When I decided I was really going to do this thing, I was
really going to start writing a blog, I knew I needed a name. It needed to reflect who I am and what people
might find in this space.
So I made a list.
[Actually, that’s how I tackle lots of things. I make lists, I research, I cry, I talk my
husband’s ear off. (He prefers my list
making.)]
And when I had a list of a couple dozen words I liked, I
realized I kept coming back to just a few of them, including “muddle” and “joy.”
I used to think of joy as an emotion akin to happiness,
maybe just a bit more so. But I was
intrigued to read about how C. S. Lewis defines “joy,” sometimes referring to
it as a longing. In Surprised by Joy, he
says, “[I]t is that of an unsatisfied desire which is itself more
desirable than any other satisfaction. I call it Joy, which is a technical term
and must be sharply distinguished both from Happiness and Pleasure. Joy (in my
sense) has indeed one characteristic, and one only, in common with them; the
fact that anyone who has experienced it will want it again. Apart from that,
and considered only in its quality, it might almost equally well be called a
particular kind of unhappiness or grief. But then it is a kind we want. I doubt
whether anyone who has tasted it would ever, if both were in his power,
exchange it for all the pleasure in the world. But then Joy is never in our
power and pleasure often is.”
I remember the first time I recognized this
feeling of joy. I was sitting in the
window seat of my previous home, looking into the front yard, onto our
beautiful dogwood in full bloom. A
precious longing swelled inside of me, bringing both a tiny smile to my lips
and tears to my eyes. Joy. It’s what I feel when I’m on vacation,
reading a good book, with the ocean breeze on my face, as I hear the boys
giggle in the distance while tromping through the woods. I feel it each winter when the enormous,
neighborhood sycamore tree drops its leaves, and I can see the white branches
twist toward the impossibly blue sky. It
overcomes me when I catch my boys snuggled up with my husband. Joy.
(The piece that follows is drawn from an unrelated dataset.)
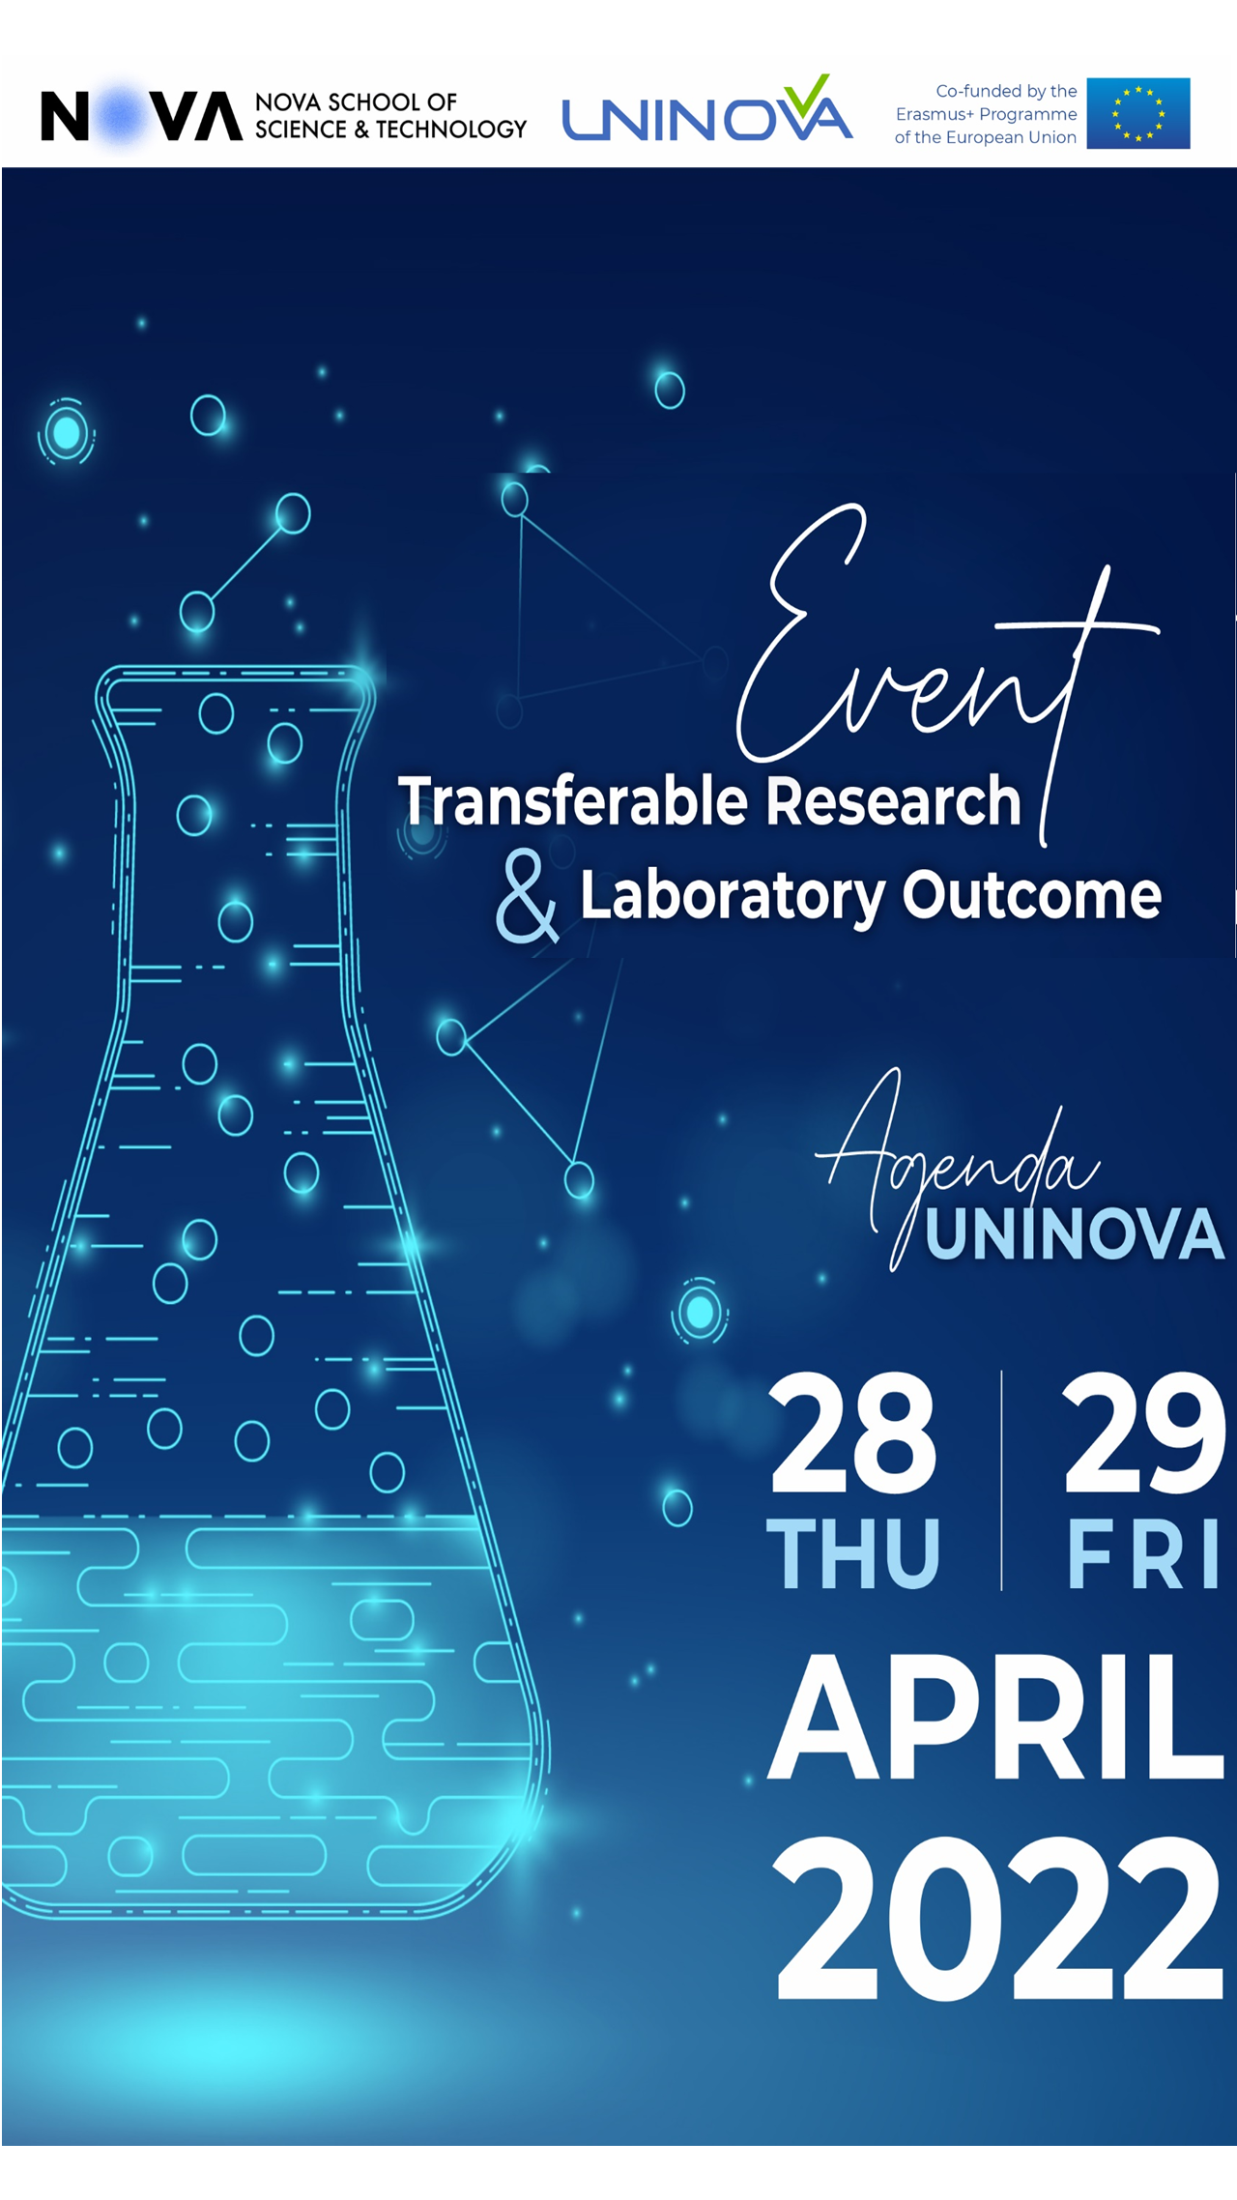 PRODUTECH DIH participa no Transferable Research and Laboratory Outcomes Event

It is my favorite emotion, the one that makes me feel the most connected
to God and the Universe, even more so than Love.
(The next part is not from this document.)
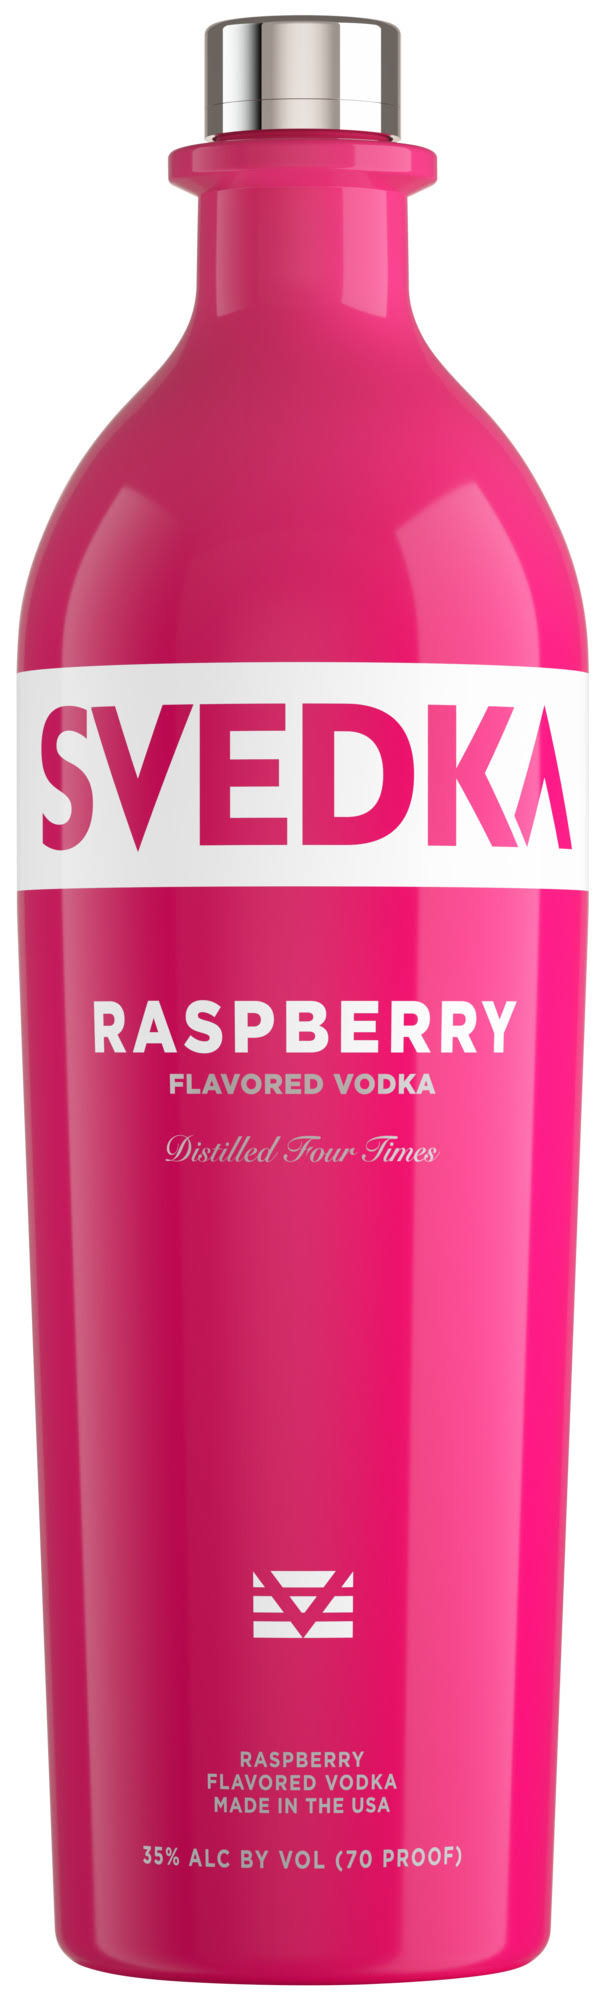 Svedka Vodka - Raspberry, 1L

But being an perfectly imperfect human means that
I mess up Joy often, and so my life is often better described by the word “muddle.” It’s what I do when I need to get to the
grocery store so I can bring the kindergarten snack tomorrow, but my oldest
just vomited and my husband is traveling for work. It’s how I managed an oldest who wanted to
play a game, a middle son who wanted to be read a book, and a baby who needed
to be nursed… at the same time. It’s
what I did when I found out weeks before moving out of state so my husband
could begin graduate school that the job I accepted months before no longer
existed. One step at a time, one minute
at a time. There may be tears and sharp
words – they may not be my most elegant moments -- but somehow I always muddle
through.
But I try to remember as best I can, amidst the
muddling, to keep my eyes open for those fleeting moments of Joy.